__TASK PROMPT__. Go to the line below that has "Black SAINT LAURENT", print it and each line after it exactly, and stop after the line that has "Londra, UK, 13"; leave out pictures.

__DATA FOR REVIEW__.

○ ○ ○ ○ ○ ○ ○

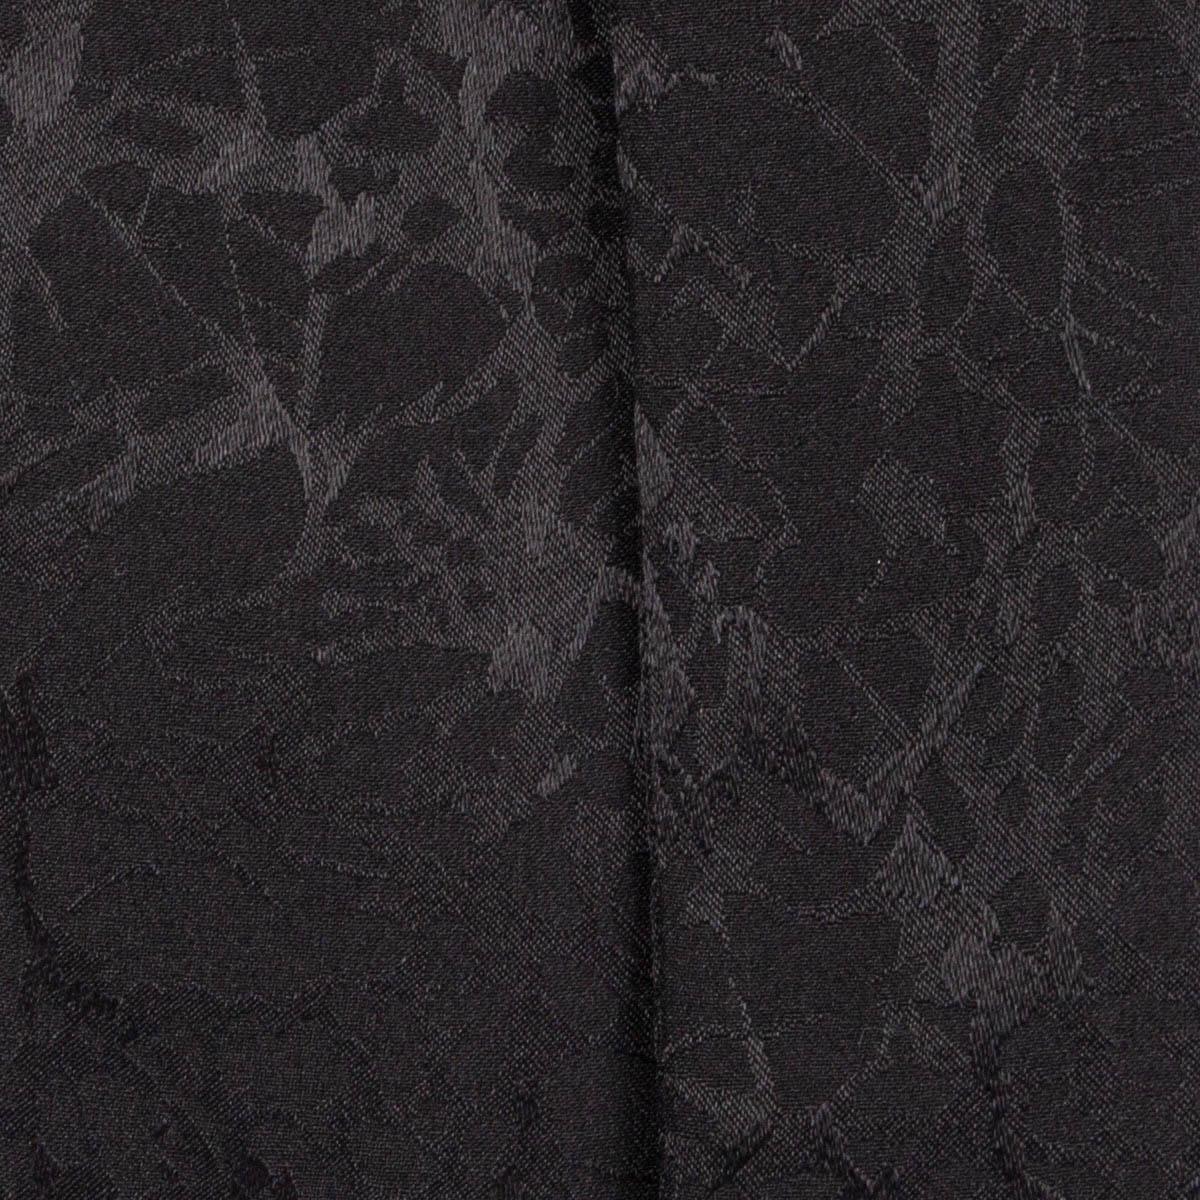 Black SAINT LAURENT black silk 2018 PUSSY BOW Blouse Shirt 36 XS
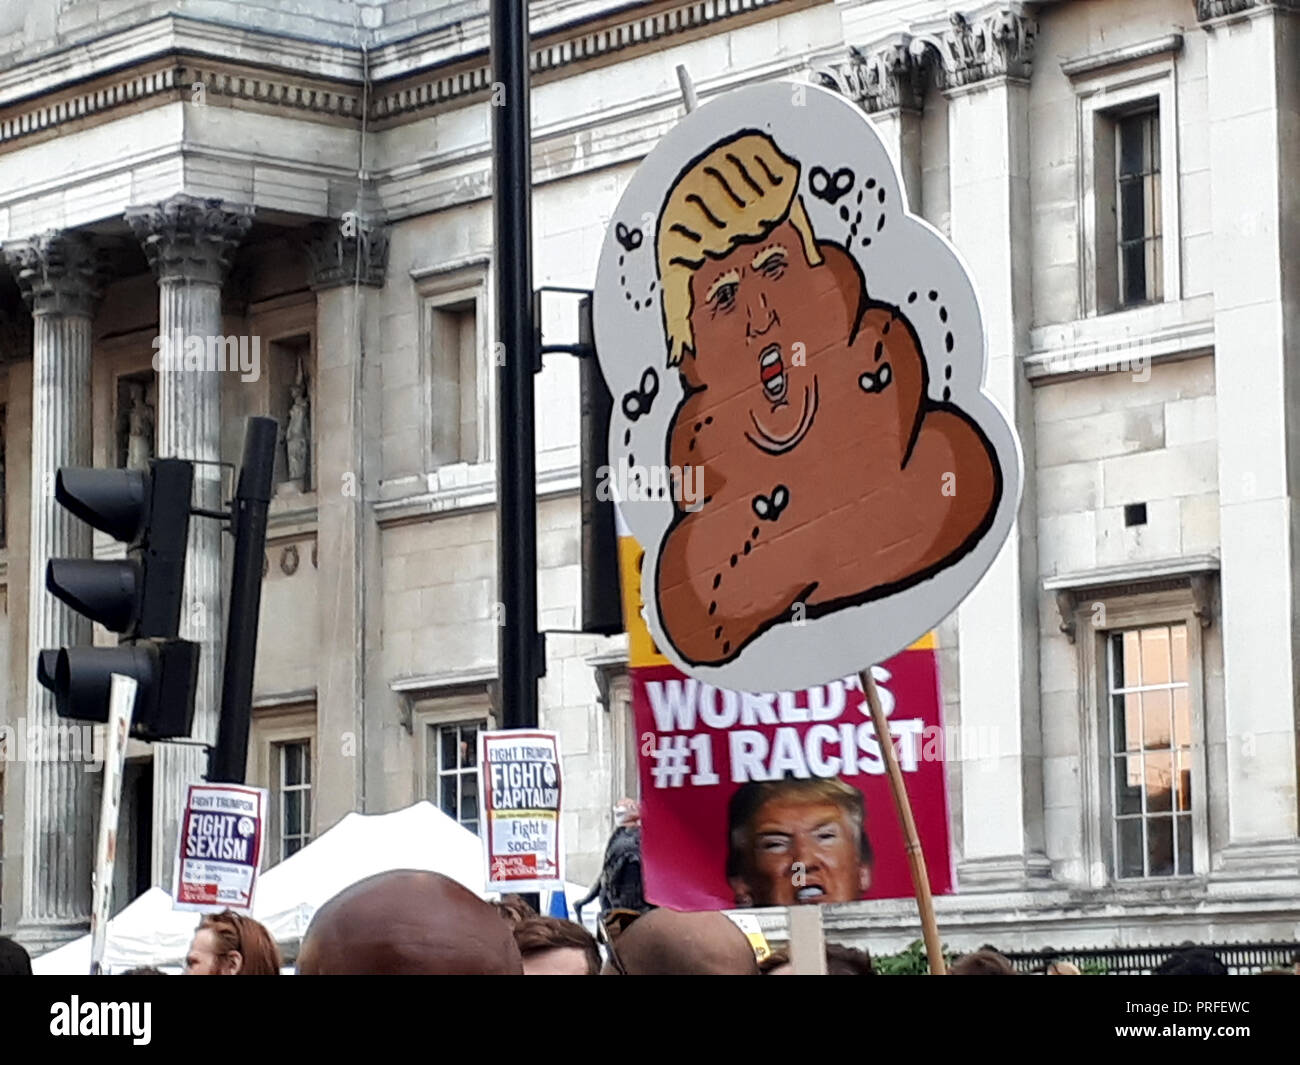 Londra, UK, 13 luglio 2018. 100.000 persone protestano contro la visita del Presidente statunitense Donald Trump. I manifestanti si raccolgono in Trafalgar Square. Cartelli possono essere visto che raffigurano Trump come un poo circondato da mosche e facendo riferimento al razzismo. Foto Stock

○ ○ ○ ○ ○ ○ ○

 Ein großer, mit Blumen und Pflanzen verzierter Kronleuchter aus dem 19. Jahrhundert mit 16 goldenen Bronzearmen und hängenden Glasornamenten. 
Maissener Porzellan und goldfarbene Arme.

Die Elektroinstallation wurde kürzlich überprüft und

○ ○ ○ ○ ○ ○ ○

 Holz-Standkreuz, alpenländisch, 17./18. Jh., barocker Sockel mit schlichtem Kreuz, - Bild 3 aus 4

○ ○ ○ ○ ○ ○ ○

__ANSWER TO THE PROBLEM__.
 Black SAINT LAURENT black silk 2018 PUSSY BOW Blouse Shirt 36 XS
 Londra, UK, 13 luglio 2018. 100.000 persone protestano contro la visita del Presidente statunitense Donald Trump. I manifestanti si raccolgono in Trafalgar Square. Cartelli possono essere visto che raffigurano Trump come un poo circondato da mosche e facendo riferimento al razzismo. Foto Stock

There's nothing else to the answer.